# Bead Roller



## 682bear (Dec 18, 2016)

Back in the summer, I was replacing the floor pans in a 1964 Fairlane. I had bought repop pans, but they were very poor quality, so I decided to fabricate my own.

I ordered a Woodward Fab bead roller, but it was too flimsy to roll 18 ga mild steel without a lot of deflection, and very awkward to use with the hand crank.




I stripped the frame and welded stiffening gussets to the back to strengthen it.




Then I fabricated a stand to mount it on.




I replaced the crank with a sprocket and chain running to a gear reduction box that I had found at a yard sale. I attached a Harbor Freight drill to power it. The drill plugs into an outlet box on back of the stand. The outlet box plugs into a wall outlet, and is switched through a foot pedal. 




I lock the trigger on the drill, and can use both hands to guide the sheet metal through the rollers.

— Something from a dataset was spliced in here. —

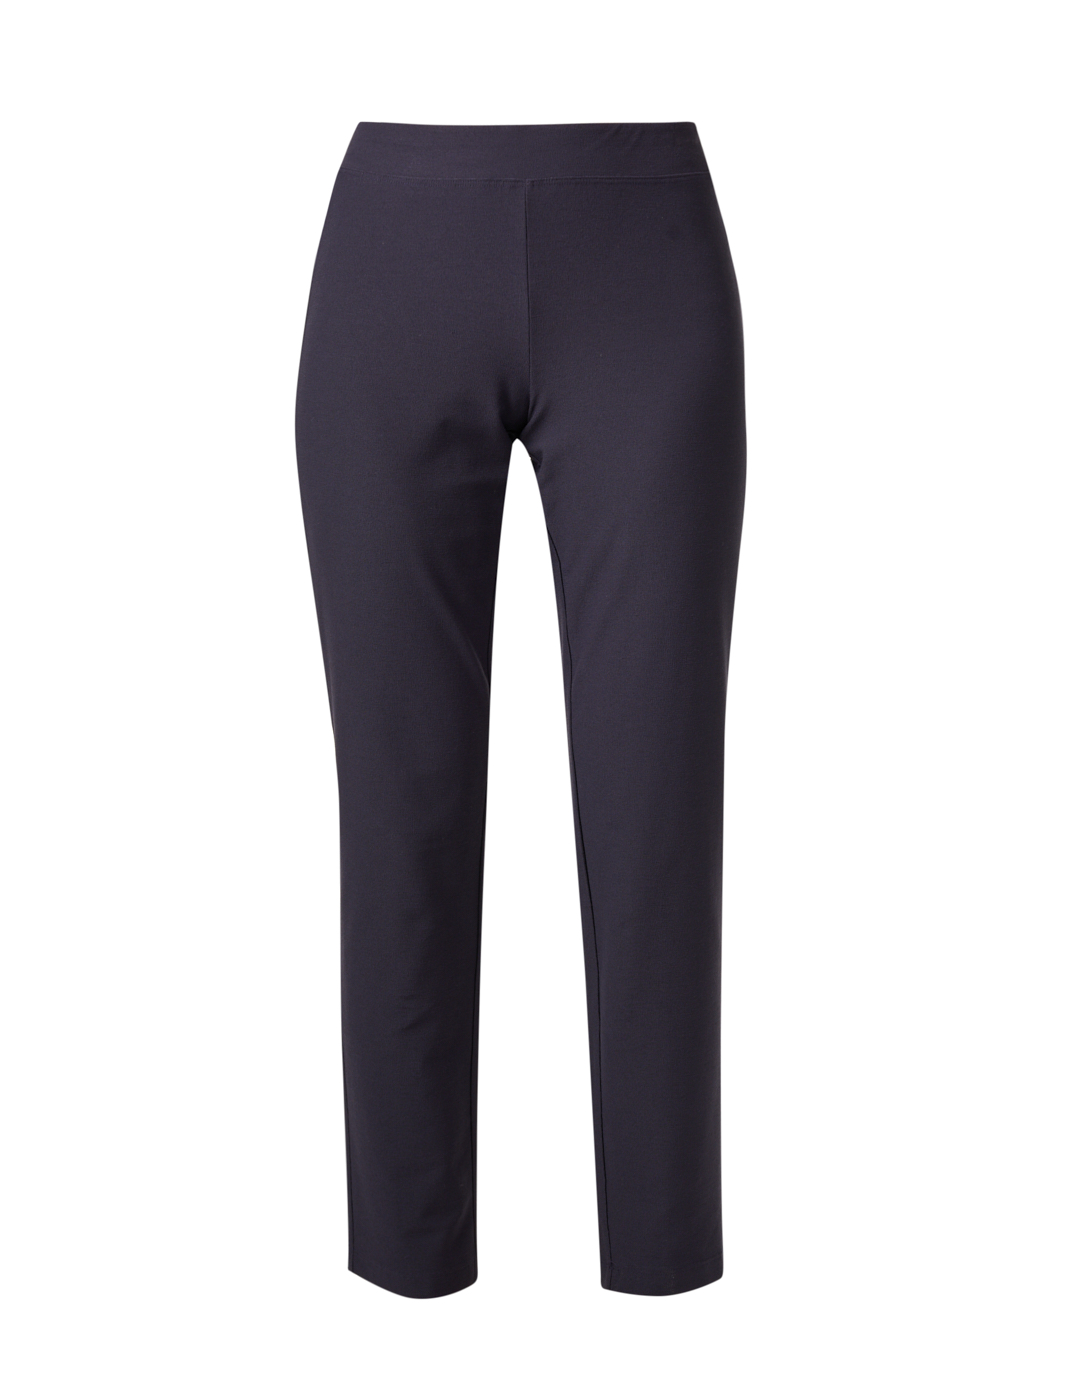 Ankle Fit Navy Blue 4 Way Stretchable Formal Pants

I can also reverse it with the drill....

It works pretty well... and the floor pans turned out pretty decent.


----------



## BGHansen (Dec 18, 2016)

682bear said:


> Back in the summer, I was replacing the floor pans in a 1964 Fairlane. I had bought repop pans, but they were very poor quality, so I decided to fabricate my own.
> 
> I ordered a Woodward Fab bead roller, but it was too flimsy to roll 18 ga mild steel without a lot of deflection, and very awkward to use with the hand crank.
> 
> ...


Great work!  I made a road trip to Woodward Fab a couple of weeks ago, scary place to go!  They have a very nice demo area where you can try out most of their offerings.  I went with intentions of buying one item, left with two.  Almost left with a shrinker/stretcher after playing with them.

I'm assuming the foot switch is a dead man's set up.  Step on for power, step off to stop; nice thought.  I've got the HF version of their bead roller and find the manual handle a hassle also.  Thanks for the idea for amping it up!

Bruce


----------



## 682bear (Dec 18, 2016)

You are correct about the pedal... even with the speed reduction between the gearbox and the reduction with the sprockets, it still runs fairly quickly... with the pedal, I can 'bump' it through as slowly as I need to.


----------